По теории, развиваемой газетчиками, между первыми двумя убийствами существовала какая-то связь. А убийцей был человек, полуобгоревшее тело которого обнаружили в хижине. Холлинс, отхлебнув
пару раз бренди из своей фляги, разработал собственную версию. Человек из хижины, видимо, убил ростовщика, или индуса, или их обоих из-за бриллиантов. Вассали, убив этого мужчину, чтобы завладеть его одеждой, нашел бриллианты. Холлинс вздохнул свободнее, не найдя в газете ни одного упоминания о драгоценностях. Газетчики явно понятия не имели об их существовании. «В том, что касается бриллиантов,— подумал беглый надзиратель,— мне ничто не угрожает». . ...
В этот момент его внимание привлек другой заголовок, напечатанный помельче. При взгляде на него нервы Холлинса снова вышли из повиновения. Заголовок сообщал о странном исчезновении двух принстонских надзирателей. Крепко сжав газету трясущимися пальцами, Холлинс прочел статью. Кроме сообщения о том, что Уильям Холлинс и Дэвид Ллойд, надзиратели каторжной тюрьмы в Дартмуре, исчезли при загадочных обстоятельствах, статья рассказывала обо всем, что Холлинс уже знал до того, как ушел из казармы.
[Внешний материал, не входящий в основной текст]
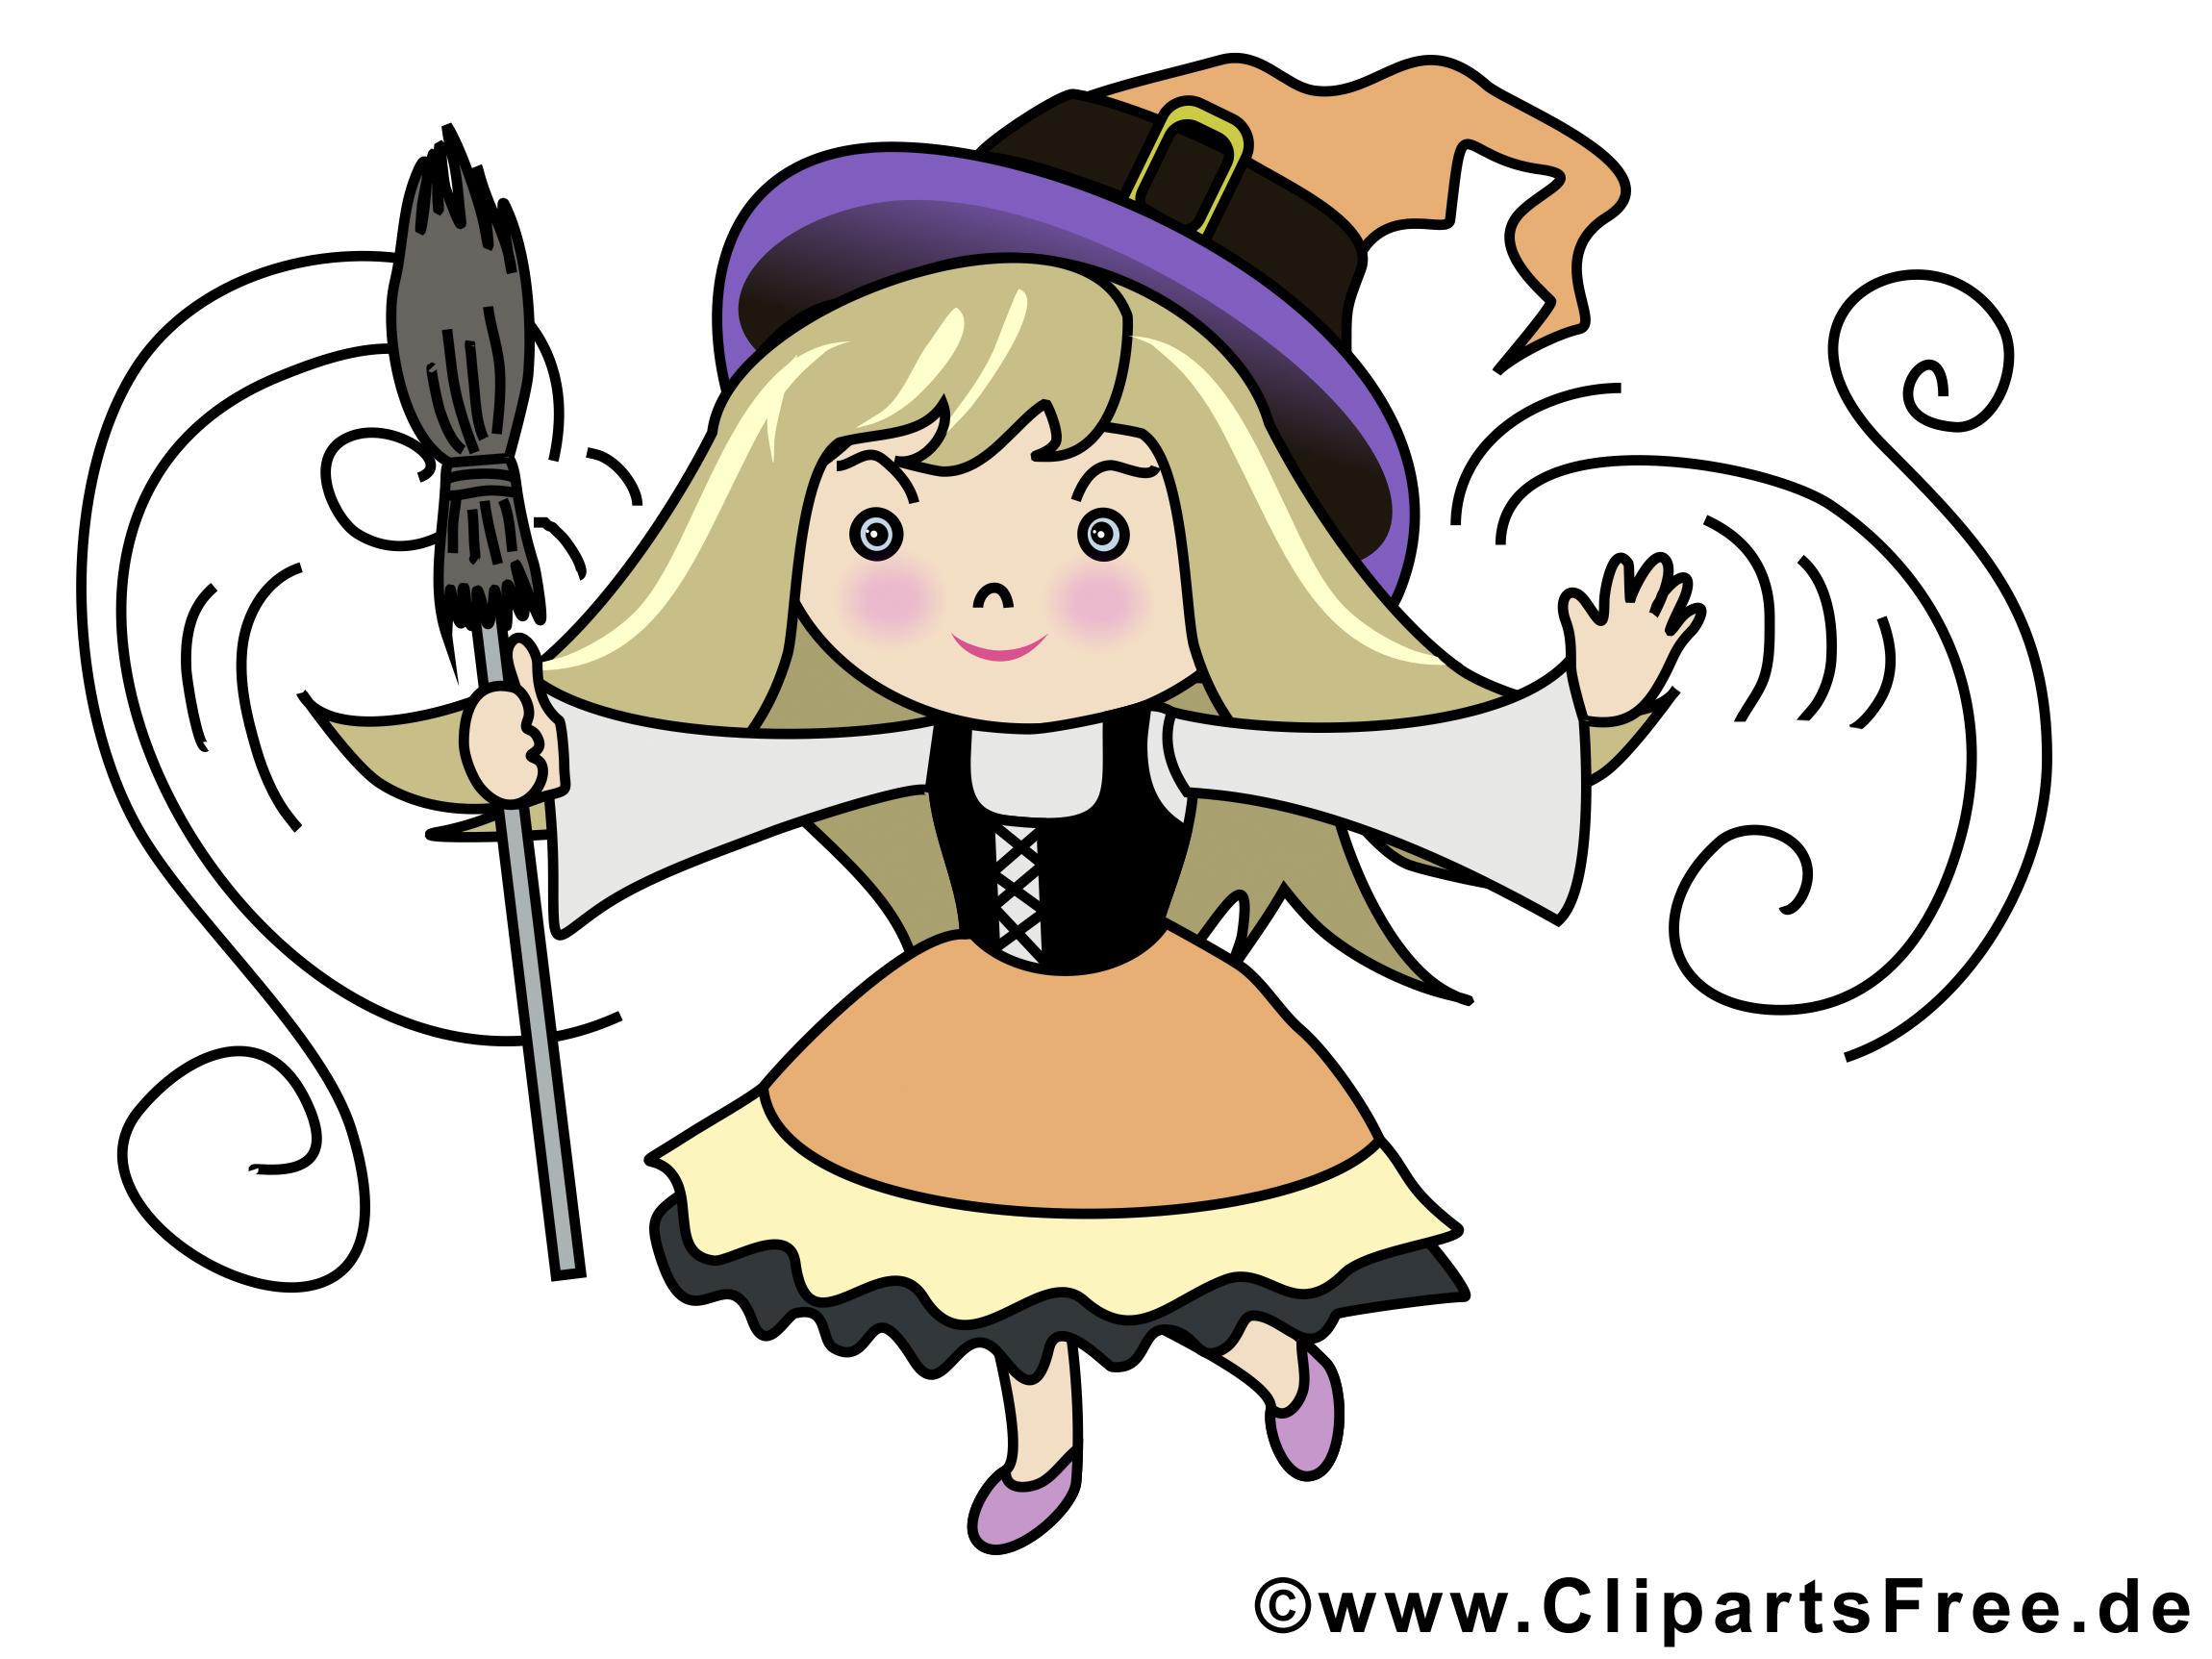 Sorcière illustration - Halloween images

Но рассказывала она и еще кое о чем. Уже было обнаружено, что Ллойд не приходил ни на какую ферму или в дом, чтобы попросить помощи и отдохнуть. Стало ясно, что рассказ Холлинса — выдумка. Кроме того, один из местных жителей видел надзирателя, похожего по описанию на Холлинса, неподалеку от плато, на котором в это утро нашли Вассали. Репортер описывал подозрительные обстоятельства, при которых ушел из казармы Холлинс. По его утверждению, власти считают, что Ллойд стал жертвой преступления, и пытаются найти Холлинса. В конце статьи приводилось очень подробное описание внешности Холлинса. Особое внимание уделялось его усам, которыми беглец очень гордился. Он считал усы главным украшением своего лица.
Если бы Холлинс мог выдернуть свои усы по волоску, он бы занялся этим немедленно. Экс-надзирателю казалось сейчас, что, после того как дело попало в газеты, его очень быстро опознают и все обернется самым неприятным образом!
В купе было зеркало. Холлинс встал и посмотрел на свое отражение. Глаза его ввалились, на лице появились морщины, которых три дня назад еще не было. Но Холлинс этого не заметил.— все внимание он сосредоточил на усах.
Он вышел из поезда в Дерби и слонялся по улицам до тех пор, пока не забрел в крошечную парикмахерскую, стоящую в таком тихом месте, что Холлинс без опаски вошел внутрь. Когда он вошел, парикмахер читал газету, и Холлинс, увидев это, мгновенно вспотел от страха. Он сел в кресло и попросил, чтобы его побрили. Через зеркало Холлинс внимательно следил за лицом парикмахера, пока тот выбривал его щеки и подбородок. Он ждал, что вот-вот парикмахер узнает его. Но тот не проявлял никакого интереса, и Холлинс с уже выбритыми щеками и подбородком сказал, что хочет побрить верхнюю губу. Парикмахер казался удивленным.
— Разве вам не жаль лишиться таких чудесных усов? — сказал он.—Они заставляют очень многих смотреть на вас с завистью. Не каждому удается отрастить такие усы.
Холлинс, которого страх очень многому научил за последние дни, притворился огорченным.
— Это не вопрос выбора,— с горечью сказал он,— а необходимость. Я недавно получил место кучера, и хозяин требует, чтобы я побрился. Так что ничего не поделаешь.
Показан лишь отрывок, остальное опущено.